Flow through this filter system will decrease and eventually clog when exposed to an excess of polyanionic acids. These natural and manmade polyanionic acids appear in the environment as microorganisms and humic acids. Their presence will shut down the filter when the filter is exposed to contaminated water.
A rigorous product testing and certification process is required for microbiological reduction products. First, the product must meet the performance and material safety requirements of NSF/ANSI standards 42 and 53. Microbial cyst reduction claims can be certified using NSF/ANSI Standard 53.
Bacterial, cyst and virus reduction for the microbiological interception product is verified using proprietary protocols adapted from the EPA purifier guide protocol. Testing to guarantee microbial purifier performance over the life of the product is paramount.

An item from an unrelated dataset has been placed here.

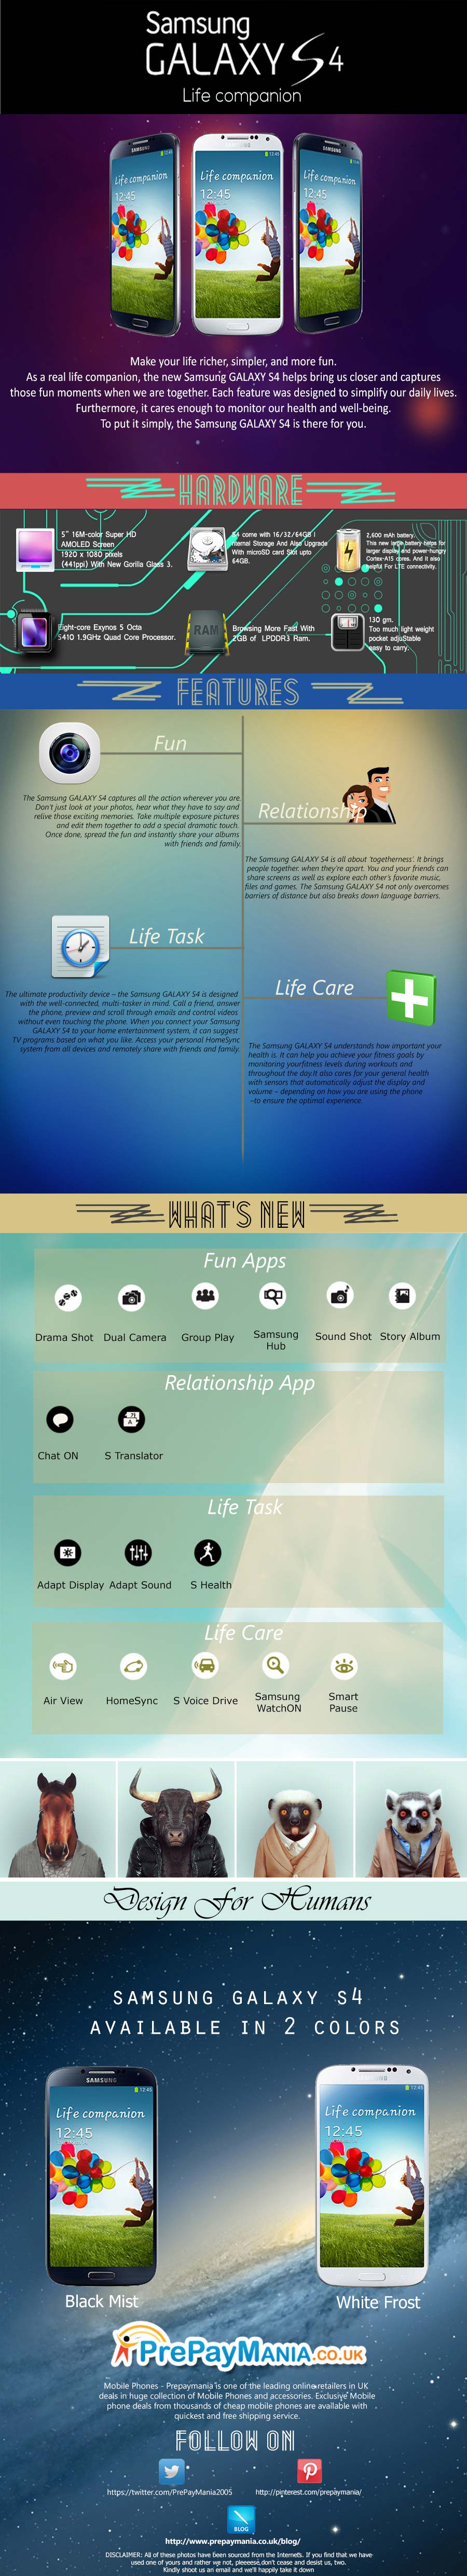 Galaxy S4 Breakdown-Infographic

Filters are challenged to the stated water capacity of the product and flow rate at a defined on/off cycle. The system is periodically challenged with the specified bacteria, viruses and particulates. The challenge water is made up to the specification outline in the EPA guide protocol and contains a given amount of organic material from humic acid. Enumeration of the bacteria and viruses occurs over the course of the testing, including at the end of filter life. The microbial reduction filter must demonstrate microbial log reductions consistent with the purifier guidelines over the course of the testing.
Significant progress has been made in developing technologies to protect the consumer from incidental microbes that may be present in the water. It is only natural that there is a progression from cyst-reduction POU drinking water systems to systems that can reduce bacteria and viruses in the water.